Donc, la richesse de l’éducation parentale ne réside pas seulement dans une présence permanente, une maison et des biens matériels sécurisants, elle réside dans la transmission d’une confiance en la vie et donc en soi. La confiance est le socle pour réaliser ses projets, s’adapter aux aléas, faire des choix avisés, vivre sa vie en congruence avec ses désirs.

Si au sein de la famille, la peur est dominante, l’enfant apprend la peur. Elle devient alors un frein quand elle est ancrée en permanence inconsciemment devenant un système de guidage de choix de vie. Je vais alors agir non pas pour découvrir, apprendre, m’ouvrir au monde, oser me challenger, prendre des risques mais au contraire pour me protéger, éviter les écueils, économiser l’argent, trouver un emploi dit « stable » etc. Deux types de comportements différents.

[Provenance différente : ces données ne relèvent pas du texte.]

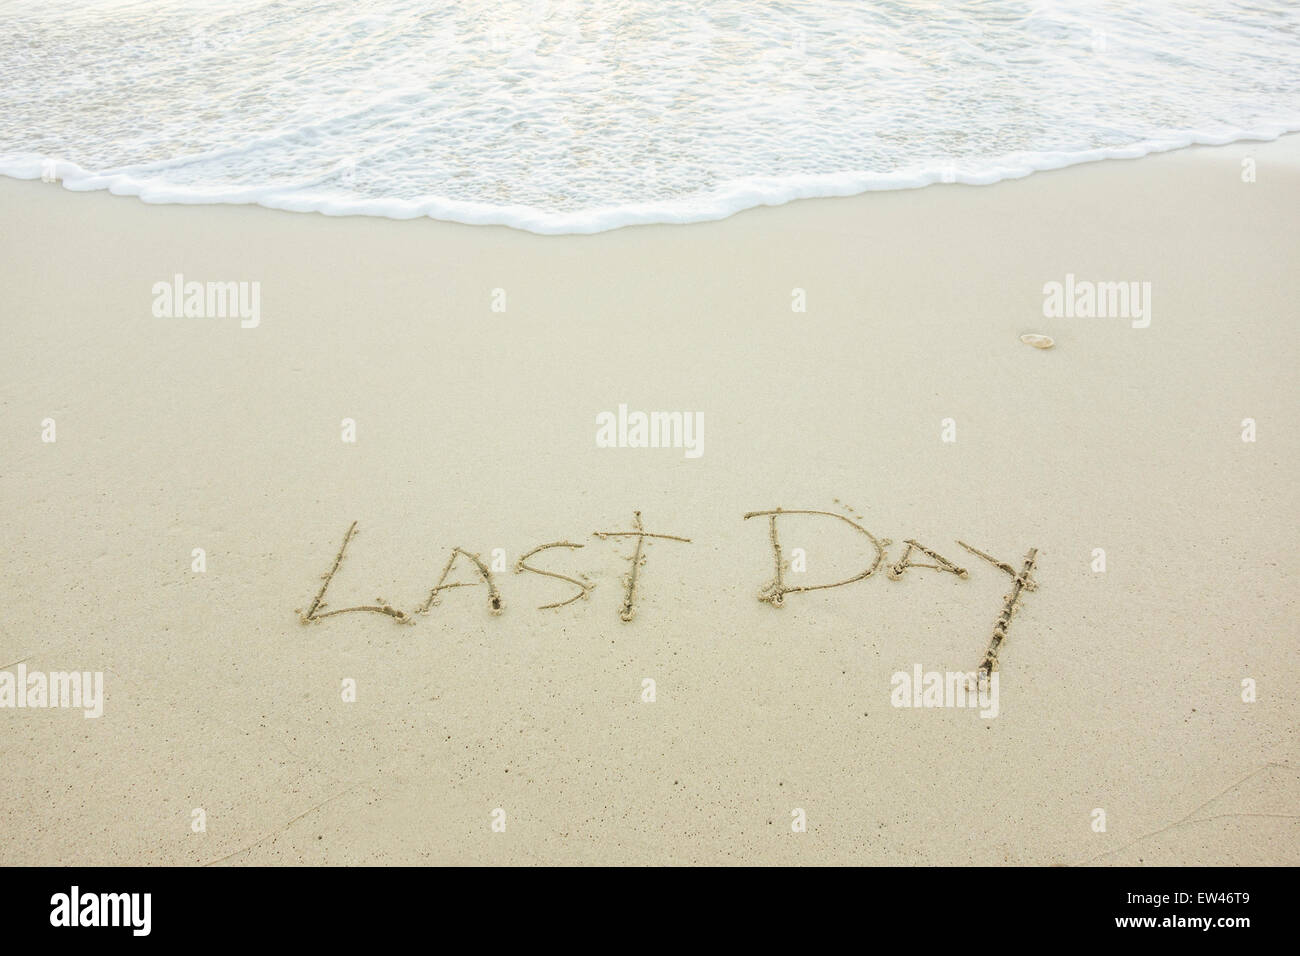 Un message, dernier jour, écrit dans le sable sur la plage d'une île tropicale. Notion de tristesse. Banque D'Images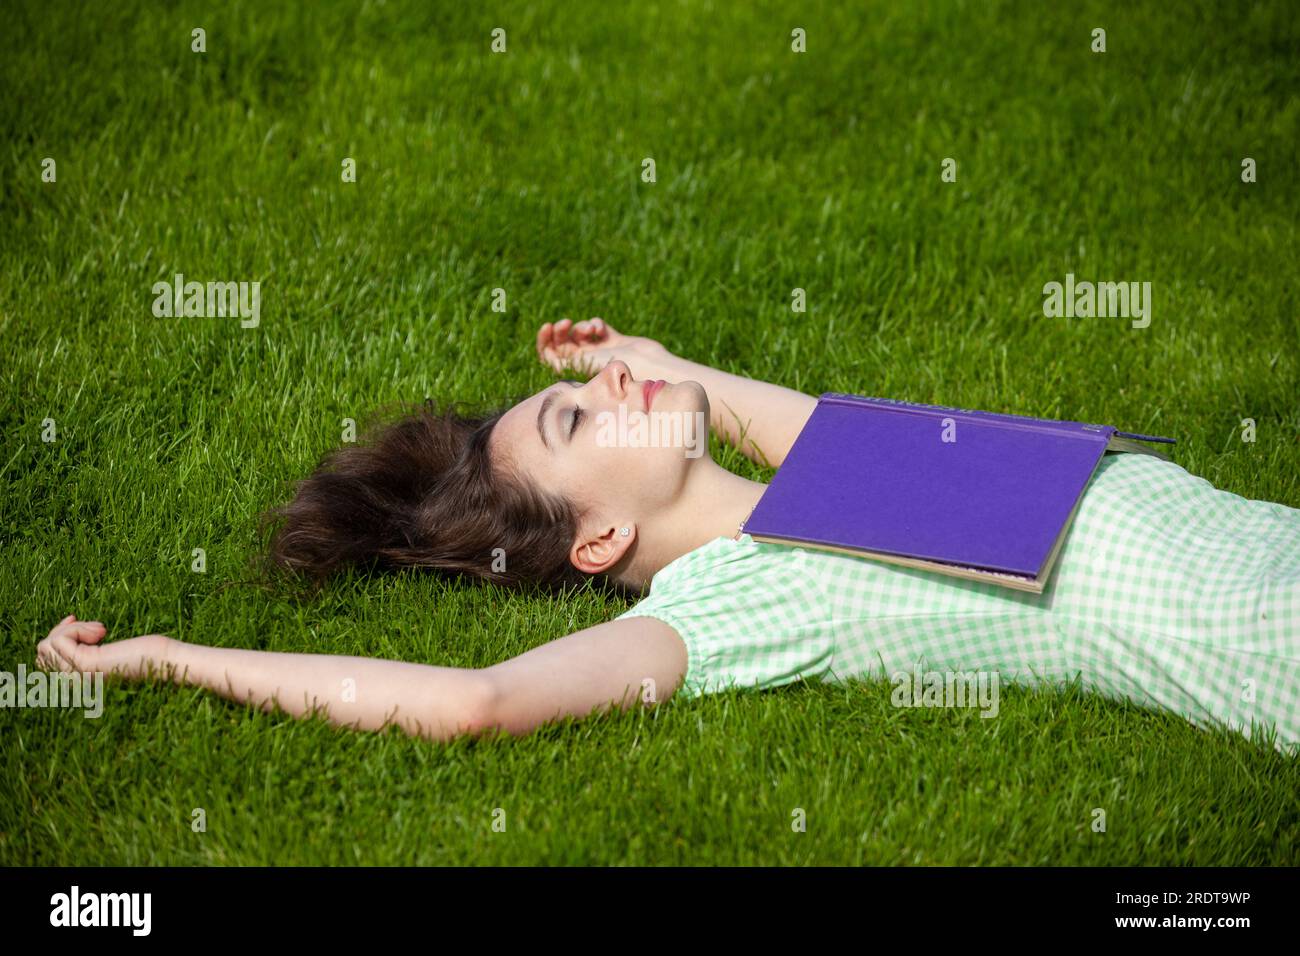 Una giovane donna sdraiata sulla schiena con le braccia tese. Indossa un vestito estivo e ha un libro sul petto. Foto Stock

Quel est votre paradigme de vie dominant ?
l
a vie est-elle danger ? OU la vie est-elle un fabuleux voyage d’apprentissage et d’expérimentations ?

Ecoutez bien en vous avec authenticité.

Comment repérer la réalité du paradigme interne qui vous dirige ?
En analysant vos comportements courants, vous pourrez le déterminer. Voici des repères.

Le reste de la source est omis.